» THE PROBLEM
Could you restate the whole listing word for word?

» RECORDS
^^^^^^^^
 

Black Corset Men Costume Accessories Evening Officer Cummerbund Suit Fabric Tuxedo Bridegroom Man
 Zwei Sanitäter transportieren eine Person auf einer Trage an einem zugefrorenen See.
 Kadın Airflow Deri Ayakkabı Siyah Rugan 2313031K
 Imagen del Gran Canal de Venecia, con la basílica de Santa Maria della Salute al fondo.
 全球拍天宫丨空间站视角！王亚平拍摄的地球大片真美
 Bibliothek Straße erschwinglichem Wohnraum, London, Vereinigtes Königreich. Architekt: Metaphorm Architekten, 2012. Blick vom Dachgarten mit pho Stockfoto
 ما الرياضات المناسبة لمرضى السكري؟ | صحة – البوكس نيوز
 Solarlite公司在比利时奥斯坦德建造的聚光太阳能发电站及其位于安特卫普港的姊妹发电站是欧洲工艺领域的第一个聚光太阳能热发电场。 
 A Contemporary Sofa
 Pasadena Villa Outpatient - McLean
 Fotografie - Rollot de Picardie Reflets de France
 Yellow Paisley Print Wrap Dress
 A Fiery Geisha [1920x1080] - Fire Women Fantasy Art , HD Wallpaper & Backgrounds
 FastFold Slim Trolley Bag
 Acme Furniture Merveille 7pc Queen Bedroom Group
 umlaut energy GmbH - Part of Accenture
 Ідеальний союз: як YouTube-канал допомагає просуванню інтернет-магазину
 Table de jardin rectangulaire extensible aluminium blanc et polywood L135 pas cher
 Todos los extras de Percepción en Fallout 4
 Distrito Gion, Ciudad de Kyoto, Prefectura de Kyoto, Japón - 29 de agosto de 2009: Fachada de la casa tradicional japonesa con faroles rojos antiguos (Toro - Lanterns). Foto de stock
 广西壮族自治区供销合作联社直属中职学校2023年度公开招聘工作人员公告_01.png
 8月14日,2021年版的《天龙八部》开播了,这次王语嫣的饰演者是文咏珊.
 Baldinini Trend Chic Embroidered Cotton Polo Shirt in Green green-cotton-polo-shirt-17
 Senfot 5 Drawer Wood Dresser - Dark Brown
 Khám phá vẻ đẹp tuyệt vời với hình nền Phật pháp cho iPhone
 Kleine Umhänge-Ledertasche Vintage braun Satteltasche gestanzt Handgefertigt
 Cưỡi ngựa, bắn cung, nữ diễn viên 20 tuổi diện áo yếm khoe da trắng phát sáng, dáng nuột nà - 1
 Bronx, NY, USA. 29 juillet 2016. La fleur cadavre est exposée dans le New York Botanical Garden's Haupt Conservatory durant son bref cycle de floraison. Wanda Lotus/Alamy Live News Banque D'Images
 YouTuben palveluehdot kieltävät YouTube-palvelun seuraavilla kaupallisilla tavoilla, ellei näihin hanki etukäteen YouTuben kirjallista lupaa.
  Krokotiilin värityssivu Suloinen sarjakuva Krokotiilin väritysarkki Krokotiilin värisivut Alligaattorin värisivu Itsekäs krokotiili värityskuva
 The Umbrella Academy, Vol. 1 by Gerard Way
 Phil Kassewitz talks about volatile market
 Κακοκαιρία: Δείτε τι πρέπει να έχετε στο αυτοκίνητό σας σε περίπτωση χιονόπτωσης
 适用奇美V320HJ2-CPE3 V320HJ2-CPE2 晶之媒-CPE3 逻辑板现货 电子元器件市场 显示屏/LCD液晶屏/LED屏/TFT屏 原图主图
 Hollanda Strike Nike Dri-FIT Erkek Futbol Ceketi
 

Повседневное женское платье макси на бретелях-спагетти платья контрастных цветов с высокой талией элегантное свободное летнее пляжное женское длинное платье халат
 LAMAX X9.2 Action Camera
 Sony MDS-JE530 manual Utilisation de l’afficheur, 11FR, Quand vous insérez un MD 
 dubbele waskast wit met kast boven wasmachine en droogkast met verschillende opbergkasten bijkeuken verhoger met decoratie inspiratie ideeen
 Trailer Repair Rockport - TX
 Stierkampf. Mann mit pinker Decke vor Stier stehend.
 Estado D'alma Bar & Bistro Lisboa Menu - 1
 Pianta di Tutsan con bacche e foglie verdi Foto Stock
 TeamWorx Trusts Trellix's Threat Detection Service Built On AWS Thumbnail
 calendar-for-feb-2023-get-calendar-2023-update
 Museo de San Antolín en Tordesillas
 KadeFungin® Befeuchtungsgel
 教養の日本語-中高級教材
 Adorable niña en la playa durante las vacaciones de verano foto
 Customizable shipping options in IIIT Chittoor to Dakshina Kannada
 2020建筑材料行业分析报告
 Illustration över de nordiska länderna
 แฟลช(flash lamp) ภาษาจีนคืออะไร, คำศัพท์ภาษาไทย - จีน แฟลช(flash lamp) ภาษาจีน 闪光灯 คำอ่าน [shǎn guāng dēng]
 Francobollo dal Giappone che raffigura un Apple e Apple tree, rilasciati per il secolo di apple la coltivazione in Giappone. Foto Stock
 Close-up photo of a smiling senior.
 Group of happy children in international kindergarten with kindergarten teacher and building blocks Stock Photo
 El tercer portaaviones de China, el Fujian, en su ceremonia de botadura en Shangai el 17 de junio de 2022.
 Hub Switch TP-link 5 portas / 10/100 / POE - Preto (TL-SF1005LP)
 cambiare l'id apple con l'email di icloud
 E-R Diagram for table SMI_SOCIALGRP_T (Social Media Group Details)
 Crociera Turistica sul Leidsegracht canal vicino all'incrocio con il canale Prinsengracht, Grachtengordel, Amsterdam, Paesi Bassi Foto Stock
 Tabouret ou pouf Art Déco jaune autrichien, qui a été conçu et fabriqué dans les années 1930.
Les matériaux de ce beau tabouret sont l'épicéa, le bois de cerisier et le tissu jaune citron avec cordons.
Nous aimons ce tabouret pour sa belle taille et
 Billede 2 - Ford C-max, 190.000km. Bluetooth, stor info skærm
^^^^^^^^
» ANSWER BOX
Black Corset Men Costume Accessories Evening Officer Cummerbund Suit Fabric Tuxedo Bridegroom Man
 Zwei Sanitäter transportieren eine Person auf einer Trage an einem zugefrorenen See.
 Kadın Airflow Deri Ayakkabı Siyah Rugan 2313031K
 Imagen del Gran Canal de Venecia, con la basílica de Santa Maria della Salute al fondo.
 全球拍天宫丨空间站视角！王亚平拍摄的地球大片真美
 Bibliothek Straße erschwinglichem Wohnraum, London, Vereinigtes Königreich. Architekt: Metaphorm Architekten, 2012. Blick vom Dachgarten mit pho Stockfoto
 ما الرياضات المناسبة لمرضى السكري؟ | صحة – البوكس نيوز
 Solarlite公司在比利时奥斯坦德建造的聚光太阳能发电站及其位于安特卫普港的姊妹发电站是欧洲工艺领域的第一个聚光太阳能热发电场。 
 A Contemporary Sofa
 Pasadena Villa Outpatient - McLean
 Fotografie - Rollot de Picardie Reflets de France
 Yellow Paisley Print Wrap Dress
 A Fiery Geisha [1920x1080] - Fire Women Fantasy Art , HD Wallpaper & Backgrounds
 FastFold Slim Trolley Bag
 Acme Furniture Merveille 7pc Queen Bedroom Group
 umlaut energy GmbH - Part of Accenture
 Ідеальний союз: як YouTube-канал допомагає просуванню інтернет-магазину
 Table de jardin rectangulaire extensible aluminium blanc et polywood L135 pas cher
 Todos los extras de Percepción en Fallout 4
 Distrito Gion, Ciudad de Kyoto, Prefectura de Kyoto, Japón - 29 de agosto de 2009: Fachada de la casa tradicional japonesa con faroles rojos antiguos (Toro - Lanterns). Foto de stock
 广西壮族自治区供销合作联社直属中职学校2023年度公开招聘工作人员公告_01.png
 8月14日,2021年版的《天龙八部》开播了,这次王语嫣的饰演者是文咏珊.
 Baldinini Trend Chic Embroidered Cotton Polo Shirt in Green green-cotton-polo-shirt-17
 Senfot 5 Drawer Wood Dresser - Dark Brown
 Khám phá vẻ đẹp tuyệt vời với hình nền Phật pháp cho iPhone
 Kleine Umhänge-Ledertasche Vintage braun Satteltasche gestanzt Handgefertigt
 Cưỡi ngựa, bắn cung, nữ diễn viên 20 tuổi diện áo yếm khoe da trắng phát sáng, dáng nuột nà - 1
 Bronx, NY, USA. 29 juillet 2016. La fleur cadavre est exposée dans le New York Botanical Garden's Haupt Conservatory durant son bref cycle de floraison. Wanda Lotus/Alamy Live News Banque D'Images
 YouTuben palveluehdot kieltävät YouTube-palvelun seuraavilla kaupallisilla tavoilla, ellei näihin hanki etukäteen YouTuben kirjallista lupaa.
  Krokotiilin värityssivu Suloinen sarjakuva Krokotiilin väritysarkki Krokotiilin värisivut Alligaattorin värisivu Itsekäs krokotiili värityskuva
 The Umbrella Academy, Vol. 1 by Gerard Way
 Phil Kassewitz talks about volatile market
 Κακοκαιρία: Δείτε τι πρέπει να έχετε στο αυτοκίνητό σας σε περίπτωση χιονόπτωσης
 适用奇美V320HJ2-CPE3 V320HJ2-CPE2 晶之媒-CPE3 逻辑板现货 电子元器件市场 显示屏/LCD液晶屏/LED屏/TFT屏 原图主图
 Hollanda Strike Nike Dri-FIT Erkek Futbol Ceketi
 

Повседневное женское платье макси на бретелях-спагетти платья контрастных цветов с высокой талией элегантное свободное летнее пляжное женское длинное платье халат
 LAMAX X9.2 Action Camera
 Sony MDS-JE530 manual Utilisation de l’afficheur, 11FR, Quand vous insérez un MD 
 dubbele waskast wit met kast boven wasmachine en droogkast met verschillende opbergkasten bijkeuken verhoger met decoratie inspiratie ideeen
 Trailer Repair Rockport - TX
 Stierkampf. Mann mit pinker Decke vor Stier stehend.
 Estado D'alma Bar & Bistro Lisboa Menu - 1
 Pianta di Tutsan con bacche e foglie verdi Foto Stock
 TeamWorx Trusts Trellix's Threat Detection Service Built On AWS Thumbnail
 calendar-for-feb-2023-get-calendar-2023-update
 Museo de San Antolín en Tordesillas
 KadeFungin® Befeuchtungsgel
 教養の日本語-中高級教材
 Adorable niña en la playa durante las vacaciones de verano foto
 Customizable shipping options in IIIT Chittoor to Dakshina Kannada
 2020建筑材料行业分析报告
 Illustration över de nordiska länderna
 แฟลช(flash lamp) ภาษาจีนคืออะไร, คำศัพท์ภาษาไทย - จีน แฟลช(flash lamp) ภาษาจีน 闪光灯 คำอ่าน [shǎn guāng dēng]
 Francobollo dal Giappone che raffigura un Apple e Apple tree, rilasciati per il secolo di apple la coltivazione in Giappone. Foto Stock
 Close-up photo of a smiling senior.
 Group of happy children in international kindergarten with kindergarten teacher and building blocks Stock Photo
 El tercer portaaviones de China, el Fujian, en su ceremonia de botadura en Shangai el 17 de junio de 2022.
 Hub Switch TP-link 5 portas / 10/100 / POE - Preto (TL-SF1005LP)
 cambiare l'id apple con l'email di icloud
 E-R Diagram for table SMI_SOCIALGRP_T (Social Media Group Details)
 Crociera Turistica sul Leidsegracht canal vicino all'incrocio con il canale Prinsengracht, Grachtengordel, Amsterdam, Paesi Bassi Foto Stock
 Tabouret ou pouf Art Déco jaune autrichien, qui a été conçu et fabriqué dans les années 1930.
Les matériaux de ce beau tabouret sont l'épicéa, le bois de cerisier et le tissu jaune citron avec cordons.
Nous aimons ce tabouret pour sa belle taille et
 Billede 2 - Ford C-max, 190.000km. Bluetooth, stor info skærm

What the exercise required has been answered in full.